9 I am fortified in this conclusion by the decisions of Sackville J in Sanchez v Minister for Immigration & Multicultural Affairs [1999] FCA 265 and French J in Kovalev v Minister for Immigration and Multicultural Affairs [1999] FCA 557; (2000) 100 FCR 323 ("Kovalev"). In Kovalev, French J stated at h [11] that:

"It is well-established that in making a consent order or indeed in accepting undertakings the Court must have regard to the limits of its power. The parties cannot, by consent, confer power on the Court to make the orders which the Court lacks power to make - Thomson Australia Holdings Pty Ltd v Trade Practices Commission [1981] HCA 48; (1981) 148 CLR 150 at 163. The question whether a consent order is to be made, is not concluded by a finding that it is formally within the power of the Court. In the exercise of its power the Court is not merely giving effect to the wishes of the parties, it is exercising a public function and must have regard to the public interest in doing so."

10 Notwithstanding the provisions of Order 35 rule 10 of the Federal Court Rules on which the respondent relied, I agree with the views expressed by French J. To the extent that the decision of Whitlam J in Kapagama v Minister for Immigration & Multicultural Affairs [1999] FCA 1881 is inconsistent with those views, I respectfully decline to follow it.

11 In Kovalev, French J also stated that he was not prepared to make the orders sought unless the error of law grounding the decision to set aside the Tribunal's decision and which it was required to address was specified in the proposed order. This comment is relevant to the second of the two issues referred to in par [8] above. In Fleet v District Court of NSW [1999] NSWCA 363 at [59] the New South Wales Court of Appeal (Mason P, Priestley and Handley JJA) stated in relation to proposed consent orders that:

"The judicial officers in the courts below are entitled to know why their orders are set aside and this cannot be inferred from the form of the orders proposed by the opponents."

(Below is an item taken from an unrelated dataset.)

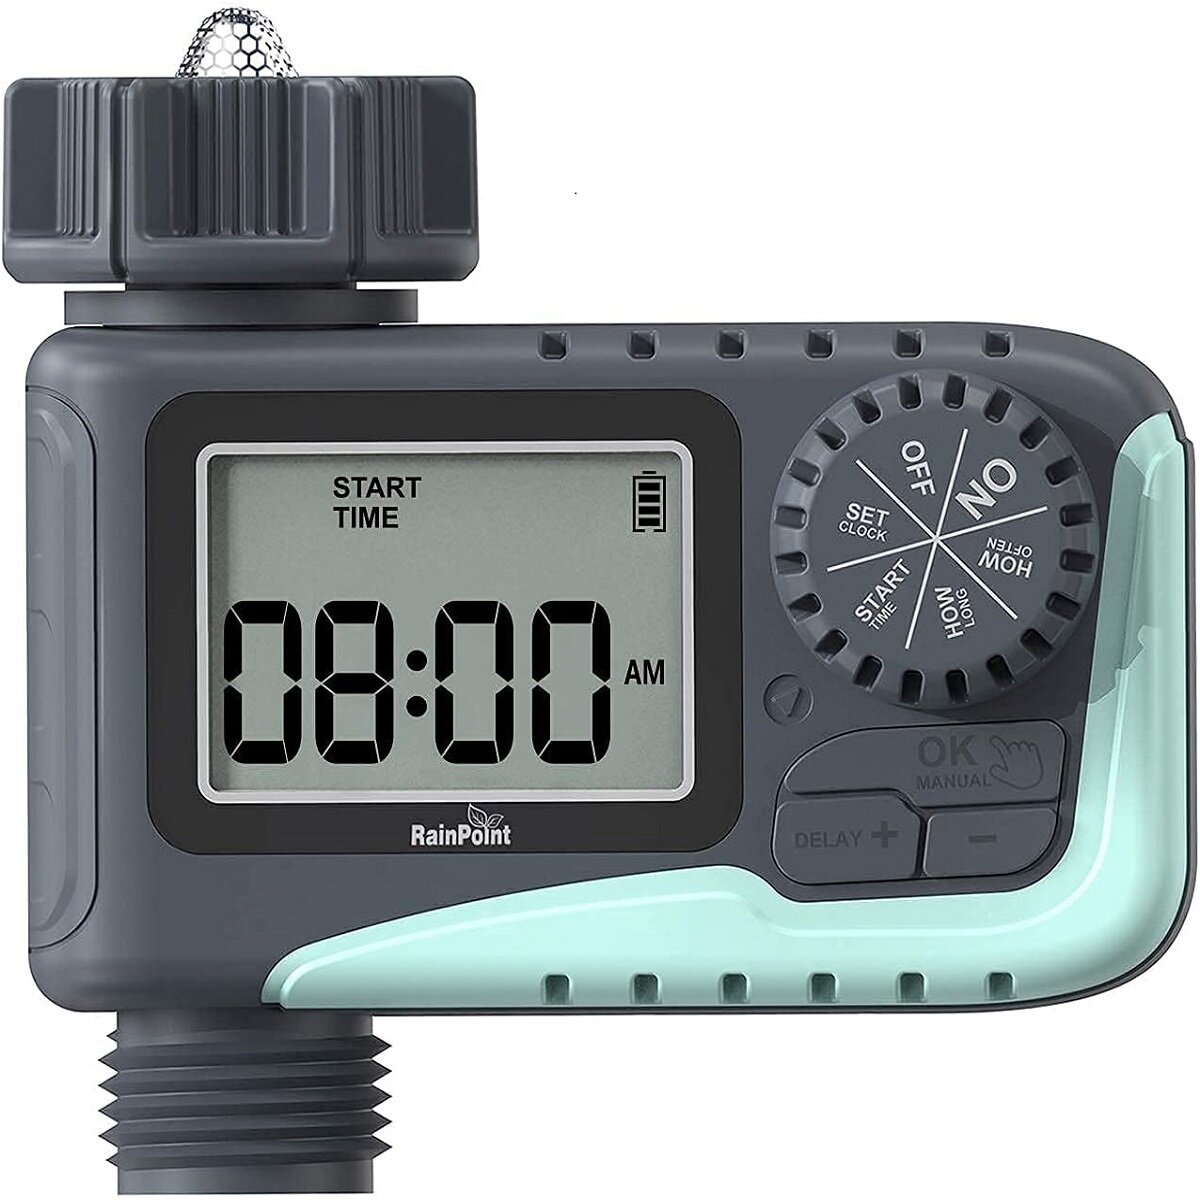 

RAINPOINT Sprinkler Timer Water Timer with Rain Delay Manual Automatic Watering System Waterproof Digital Irrigation Tim
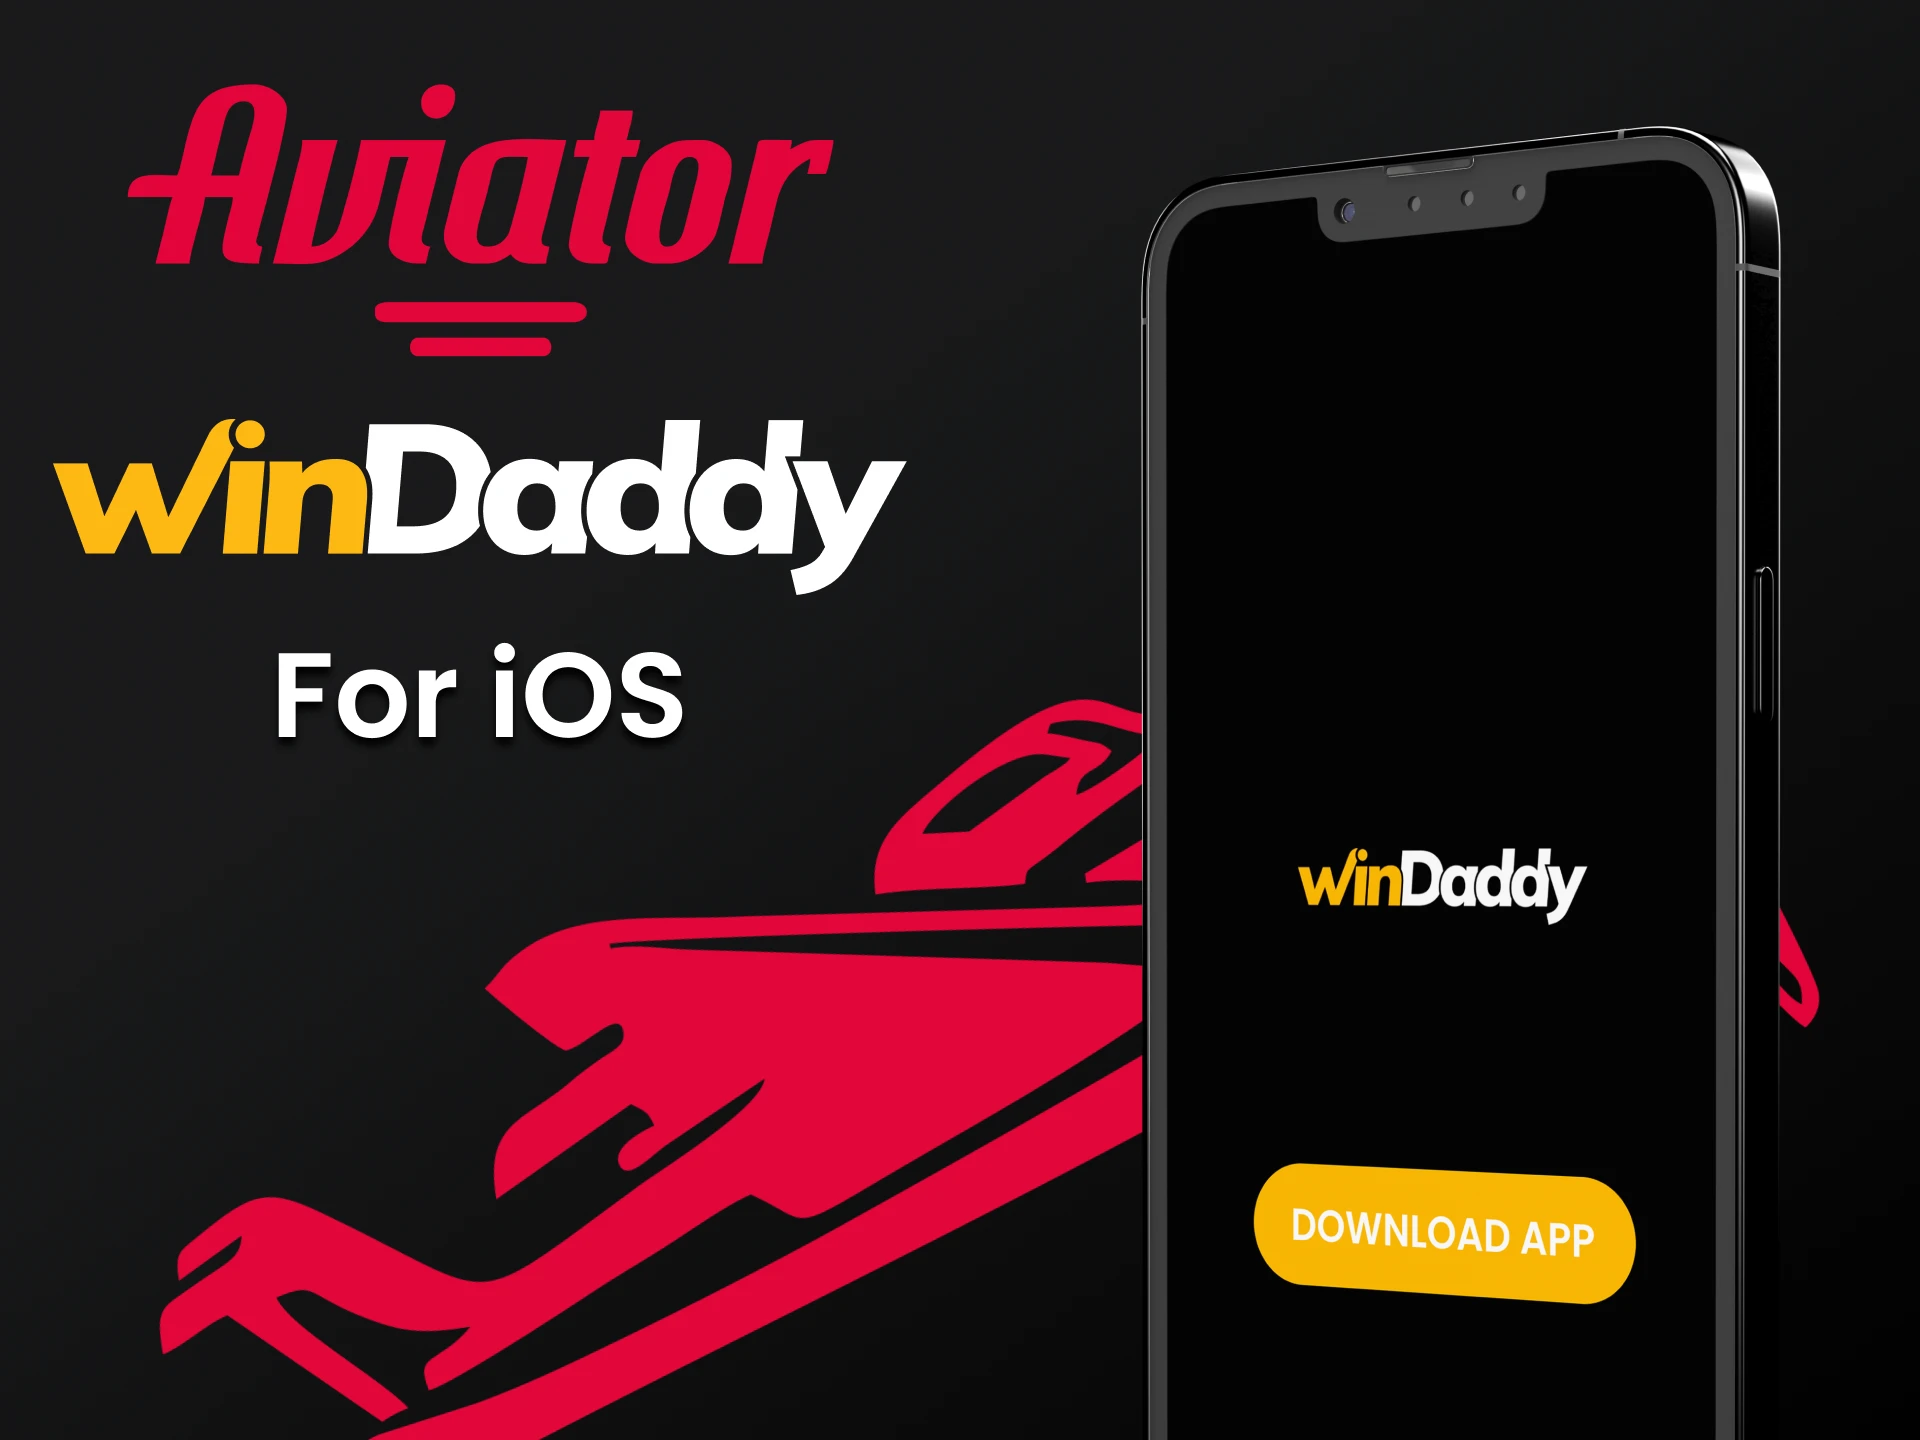 Download the WinDaddy app for iOS to play Aviator.

12 I agree that it is necessary that the Tribunal be made aware of the basis on which its decision is set aside. This requirement may be met by specifying in the order the basis on which it is made. However, in my opinion, the grounds may equally well be set out in the Court's reasons for judgment as was done in Sanchez v Minister for Immigration & Multicultural Affairs [1999] FCA 265 and Takli v Minister for Immigration & Multicultural Affairs [2000] FCA 1186 by Sackville J and Katz J respectively. In those cases their Honours made orders remitting the matter to the decision-maker under s 481(1)(b) without stating in those orders the nature of the reviewable error. I agree that such orders are within the Court's power under s 481(1)(b); cf Kovalev. However, both Sackville and Katz JJ were satisfied, for the reasons set out in their judgments, that there was a reviewable error.

Reviewable error

13 At the hearing Ms Abadee did not wish to expand on her written submissions. Instead, she submitted that if I were not disposed to accept the submissions made on the above point, the Minister would seek to have the matter remitted to the Tribunal on the basis of a reviewable error under s 476(1)(g). This section provides that an application may be made for review by the Federal Court of a judicially-reviewable decision on the ground "that there was no evidence or other material to justify the making of the decision". The section is amplified by s 476(4)(b) which provides that the ground specified in paragraph (1)(g) is not to be taken to have been made out unless (relevantly):

"the person who made the decision based the decision on the existence of a particular fact, and that fact did not exist."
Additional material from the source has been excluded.